→ PROBLEM DETAILS:
Practice item. Set the material below down again exactly, with no pictures.

→ INFORMATION SUPPLIED:
□ □ □ □
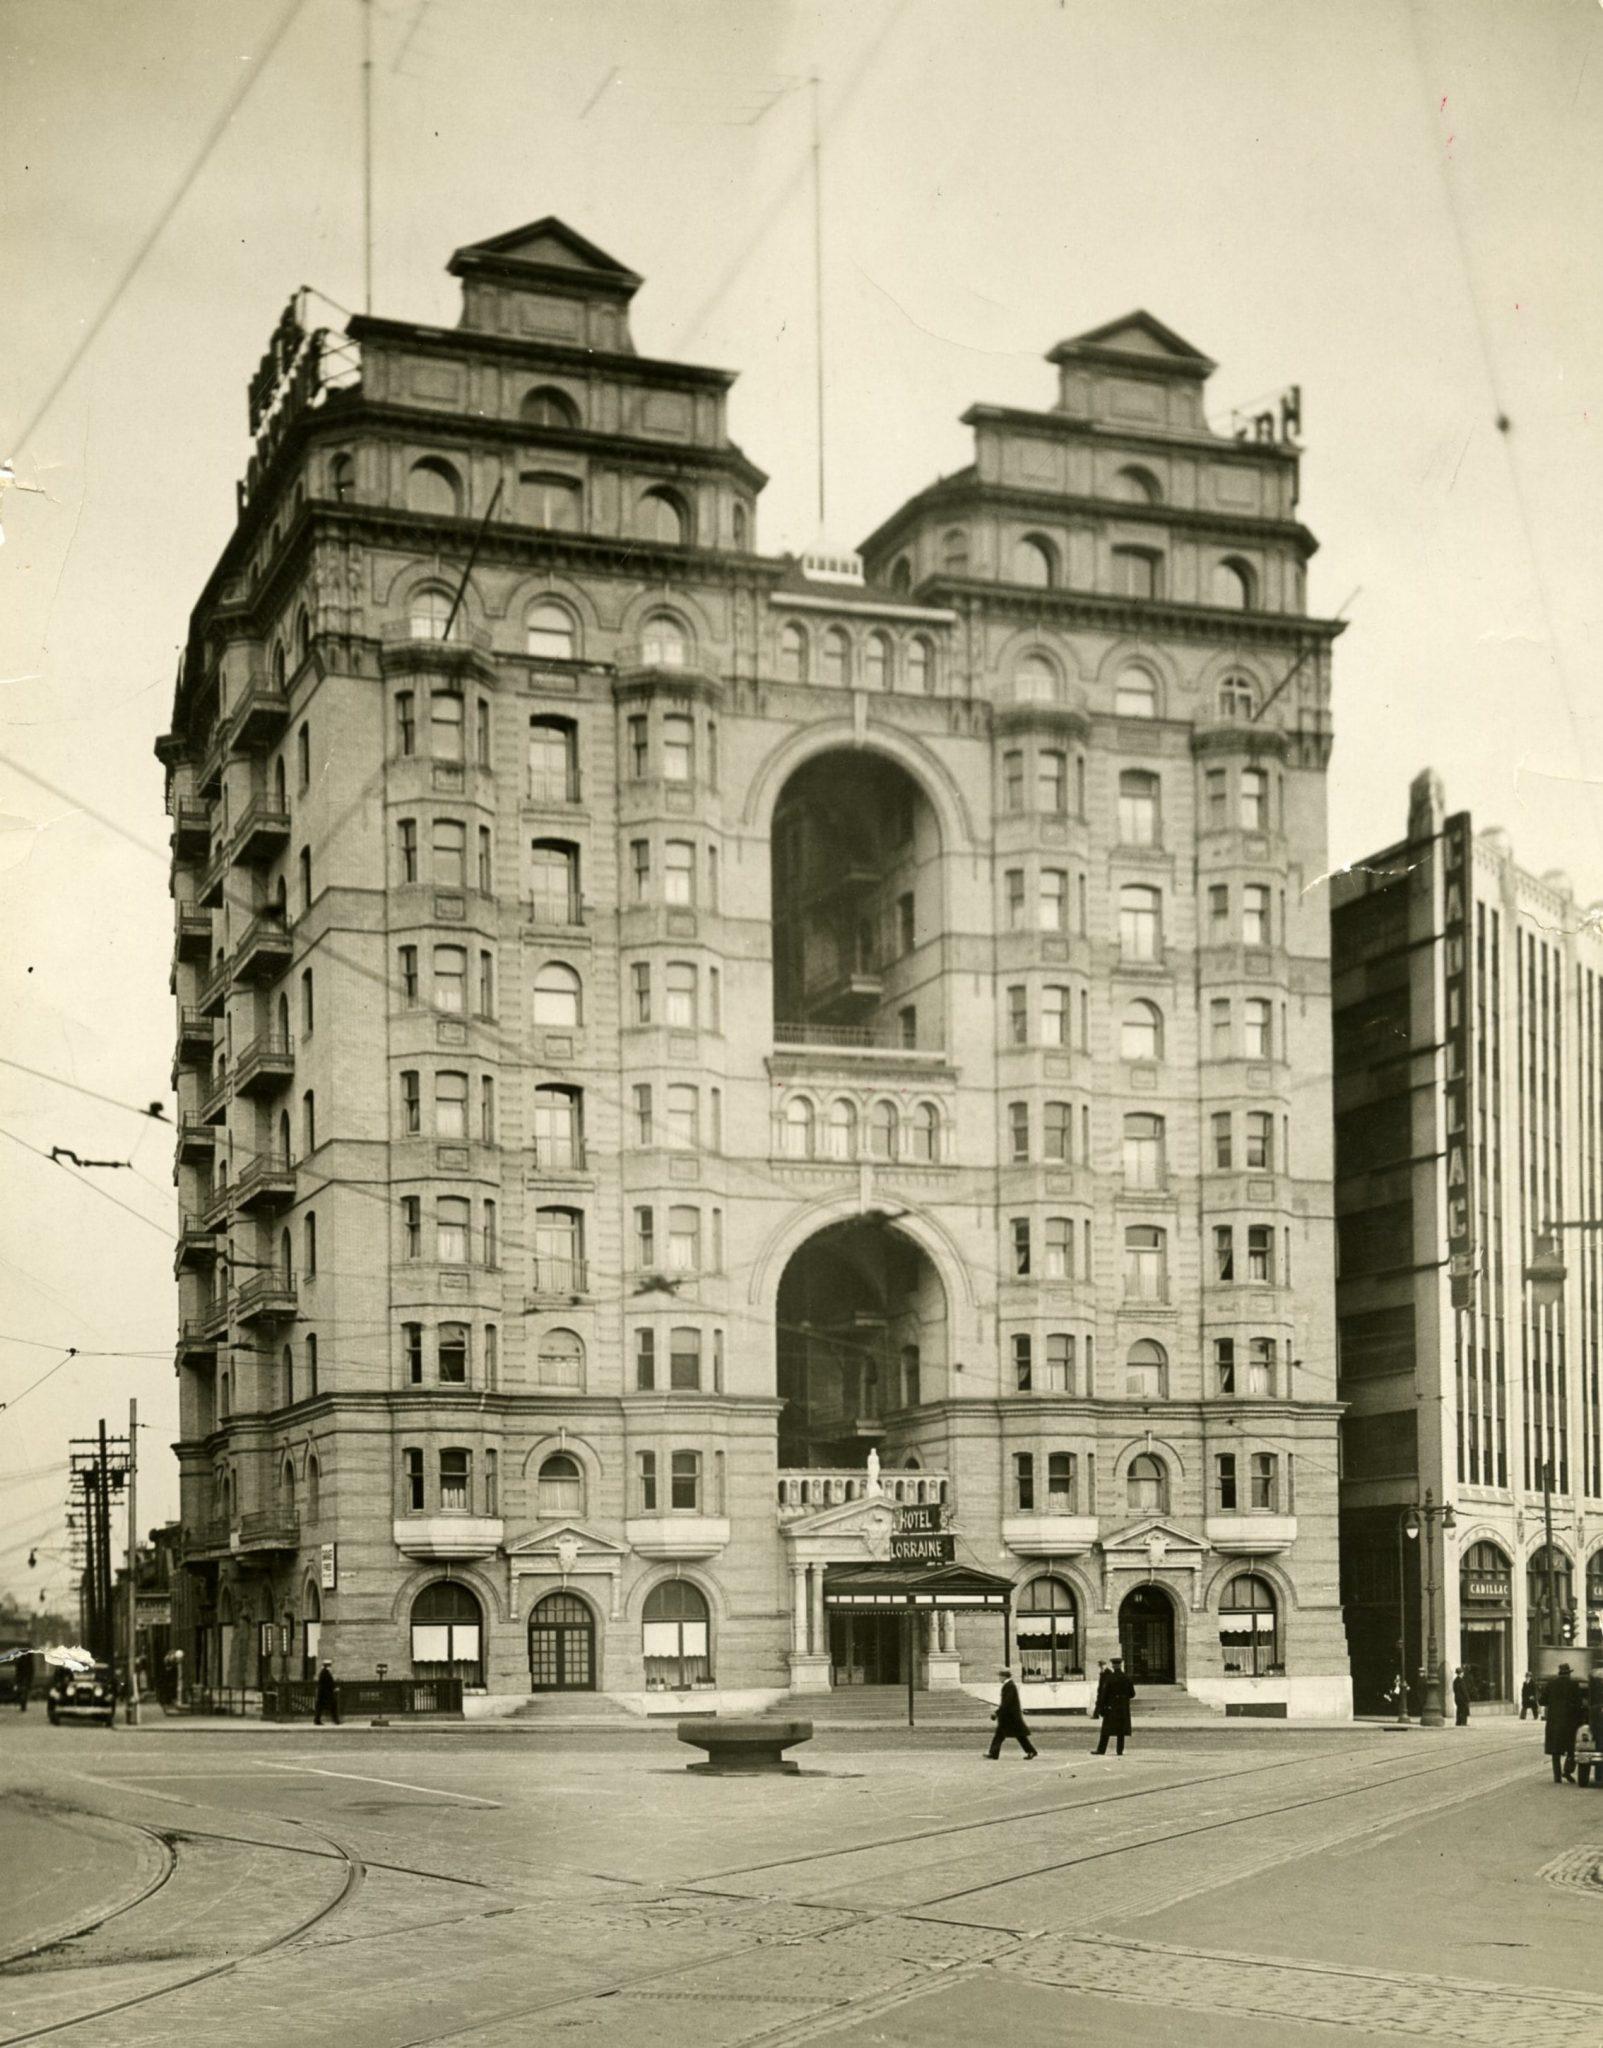 Philadelphia buildings
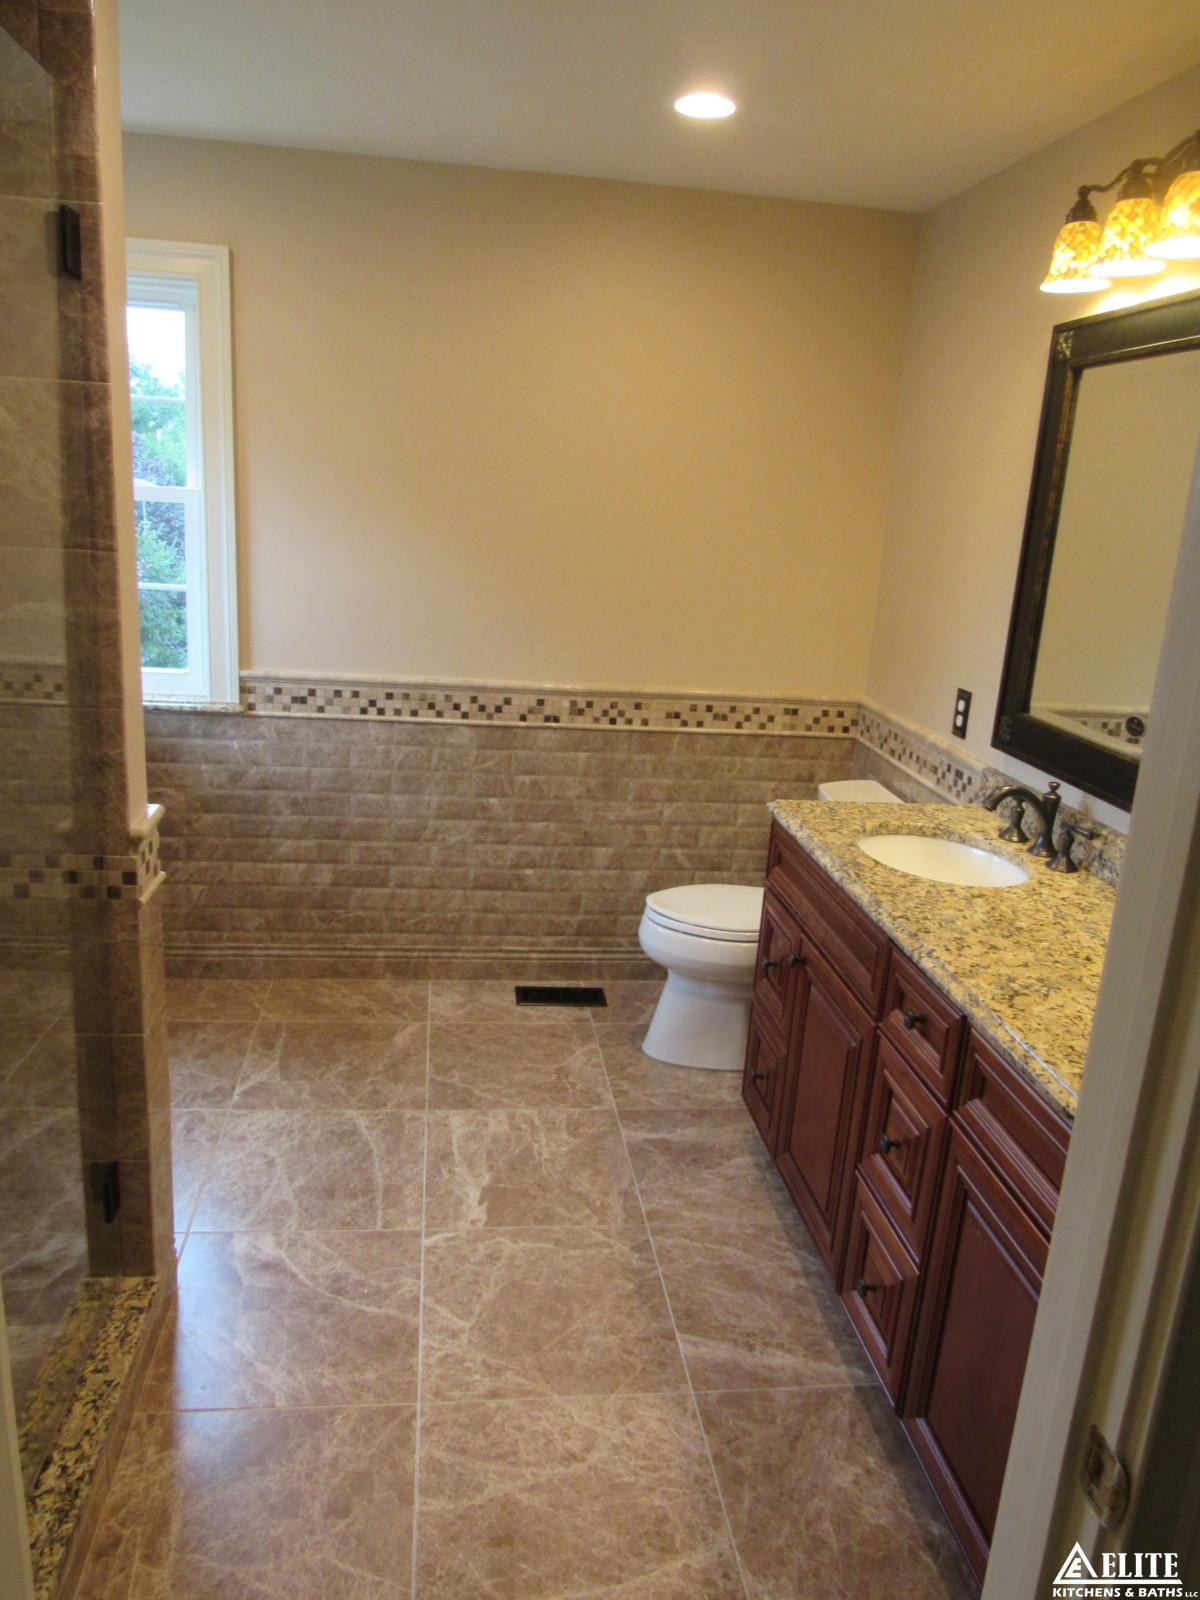 Bathrooms 107
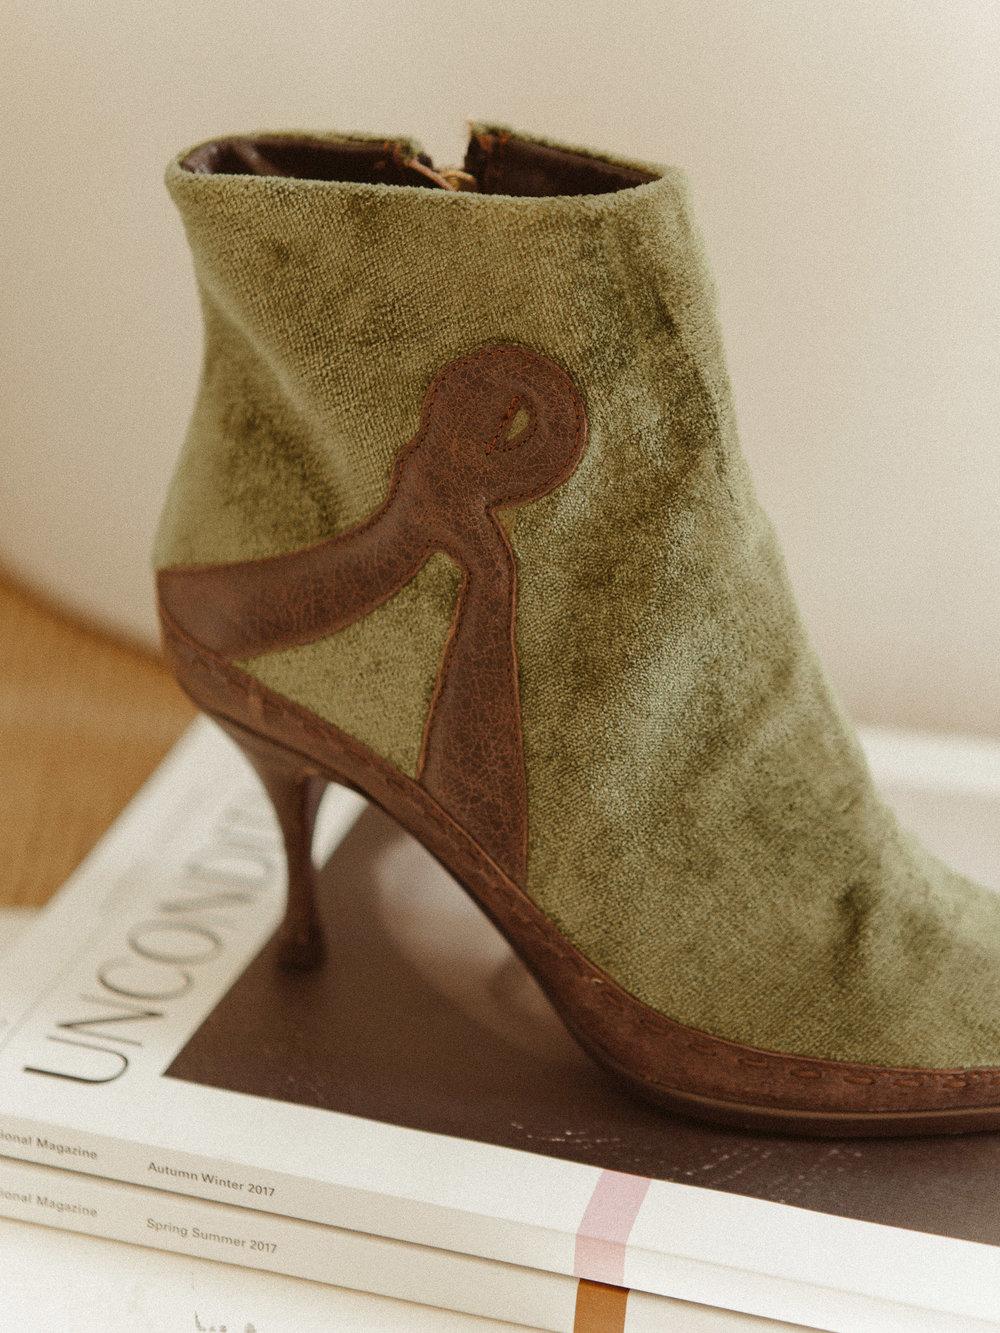 Vintage Roberta Di Camerino Booties (8 1/2) $475 -
□ □ □ □
→ SOLUTION FOR THIS EXERCISE:
 Philadelphia buildings
 Bathrooms 107
 Vintage Roberta Di Camerino Booties (8 1/2) $475 -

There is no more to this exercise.